I found a super convoluted way to extract the hyperlinks:

library(XML)

# rename file to .zip
my.zip.file <- sub("xlsx", "zip", my.excel.file)
file.copy(from = my.excel.file, to = my.zip.file)

# unzip the file
unzip(my.zip.file)

# unzipping produces a bunch of files which we can read using the XML package
# assume sheet1 has our data
xml <- xmlParse("xl/worksheets/sheet1.xml")

# finally grab the hyperlinks
hyperlinks <- xpathApply(xml, "//x:hyperlink/@display", namespaces="x")

Derived from this blogpost.

Extract hyperlink from Excel cell that has text that is hyperlinked

Here is my solution. It took some digging, and I think perhaps I should make a pull request to the project to get this as a feature.

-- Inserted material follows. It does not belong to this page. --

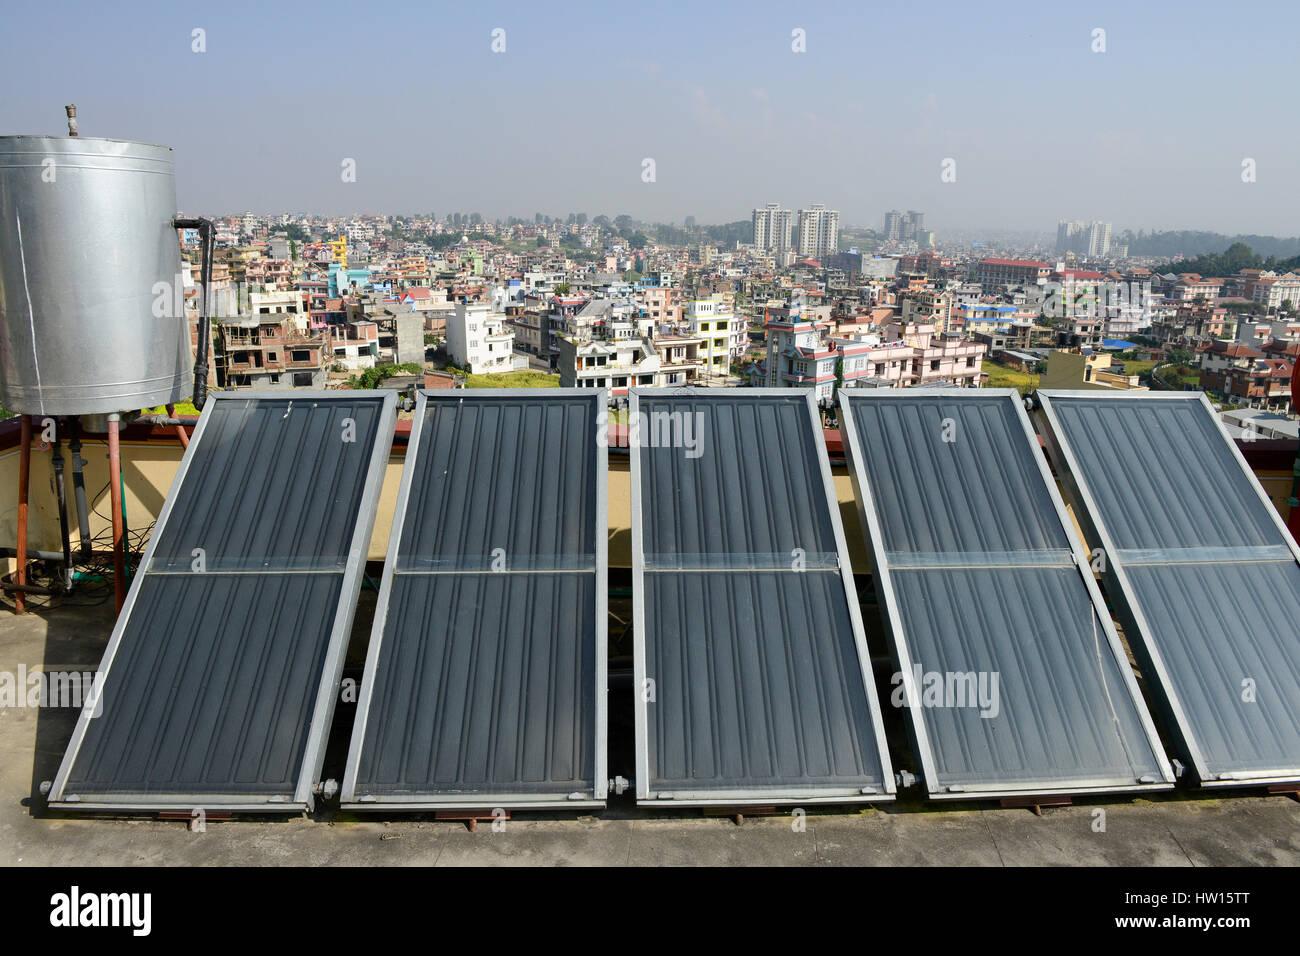 NEPAL Kathmandu, appartment building with solar collector for water heating / Haus mit Sonnenkollektor fuer Warmwasseraufbereitung - Stock Image

# Reprex to read xlsx hyperlinks
# See: https://stackoverflow.com/questions/24149821/extract-hyperlink-from-excel-file-in-r
library(xlsx)

# First, make a toy spreadsheet with hyperlinks
# https://cran.r-project.org/web/packages/xlsx/xlsx.pdf

wb <- createWorkbook()
sheet1 <- createSheet(wb, "Sheet1")
rows <- createRow(sheet1, 1)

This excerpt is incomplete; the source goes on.